As you can see in the color key, red cells in the plot represent overexpressed genes whilst green ones the underexpressed genes. Rows represent the 17 genes of interest and columns the 6 samples we are analysing.

How is Rv2493 in lineage 4 samples? And Rv2159c in lineage 1?
Take a look at the first 5 genes in the plot. As you might assume by the numbers they are located in the genome one after the other. Which potential explanations would you give to their down-regulation in one of the lineages?

Further exploration

What do I do with a gene list?

As we have just seen, differential expression analysis results is a list of genes exhibiting different activities between two conditions. It can be daunting trying to determine what the results mean. On one hand you may find that due to there being no real differences or there being too much noise in your experiment, you have no significant differences. On the other hand, you may find thousands of differentially expressed genes. What can you say about that?

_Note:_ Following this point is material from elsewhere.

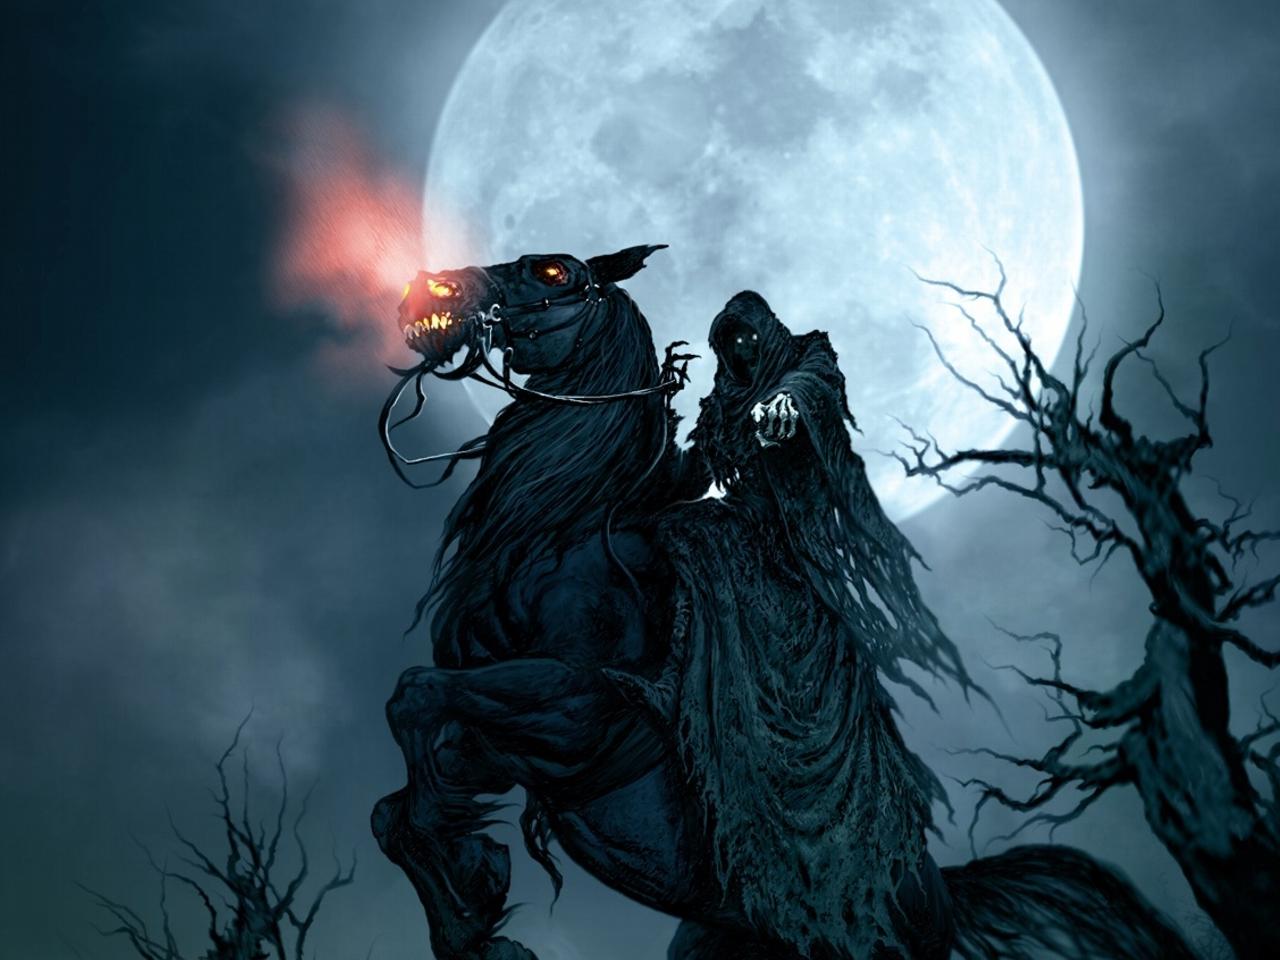 grim reaper Wallpaper Background 20676 1280x960

Other than looking for genes which you expect to be different or unchanged, one of the first things to do is look at Gene Ontology (GO) term or gene set enrichment. There are many different algorithms for this. For example, you could annotate your genes with functional terms from GO using Bast2GO (Conesa et al., 2005) and then use perhaps TopGO (Alexa et al., 2006) to determine whehter any particular sorts of genes occur more than expected in your differentially expressed genes. Another popular tool that has been tried and tested for a long time is GSEA

References

Mortazavi A, Williams BA, McCue K, Schaeffer L, Wold B. (2008). Mapping and quantifying mammalian transcriptomes by RNA-Seq. Nat Methods 5(7):621-8. doi: 10.1038/nmeth.1226

Wang Z, Gerstein M, Snyder M. (2009). RNA-Seq: a revolutionary tool for transcriptomics. Nat Rev Genet 10(1):57-63. doi: 10.1038/nrg2484

Cole ST, Brosch R, Parkhill J, Garnier T, Churcher C, Harris D et al. (1998). Deciphering the biology of Mycobacterium tuberculosis from the complete genome sequence. Nature 393(6685):537-44.

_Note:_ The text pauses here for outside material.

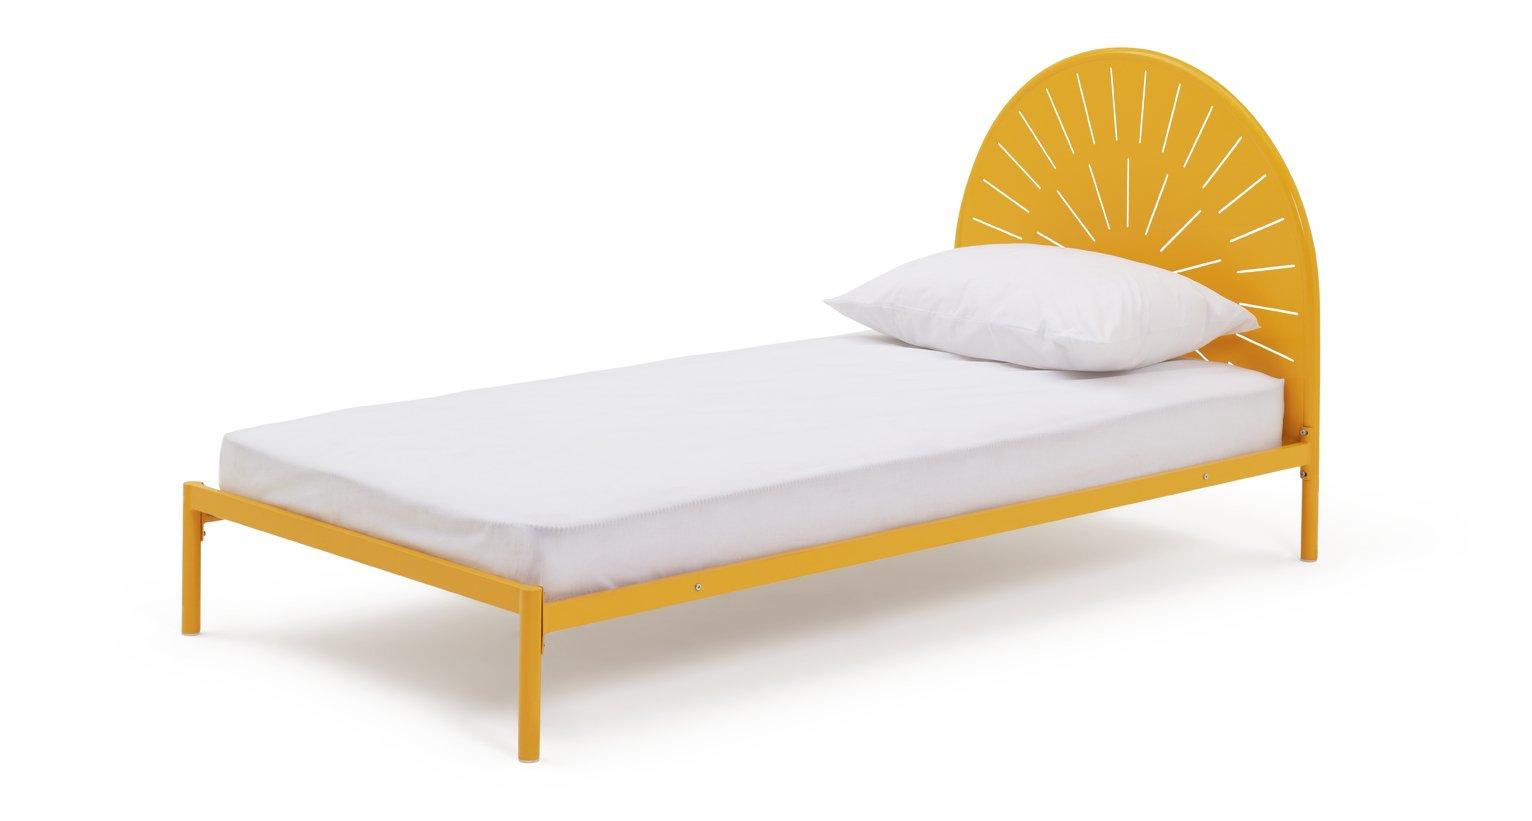 Habitat Sunburst Single Bed Frame and Kids Mattress - Yellow

Parwati I, van Crevel R, van Soolingen D. (2010) Possible underlying mechanisms for successful emergence of the Mycobacterium tuberculosis Beijing genotype strains. Lancet Infect Dis 10(2):103-111. doi: 10.1016/S1473-3099(09)70330-5

Conesa A, Gotz S, Garcia-Gomez JM, Terol J, Talon M, Robles M. (2005) Blast2GO: a universal tool for annotation, visualization and analysis in functional genomics research. Bioinformatics 21(18):3674-6.

Alexa A, Rahnenfuhrer J, Lengauer T. (2006). Improved scoring of functional groups from gene expression data by decorrelating GO graph structure. Bioinformatics 22(13):1600-7.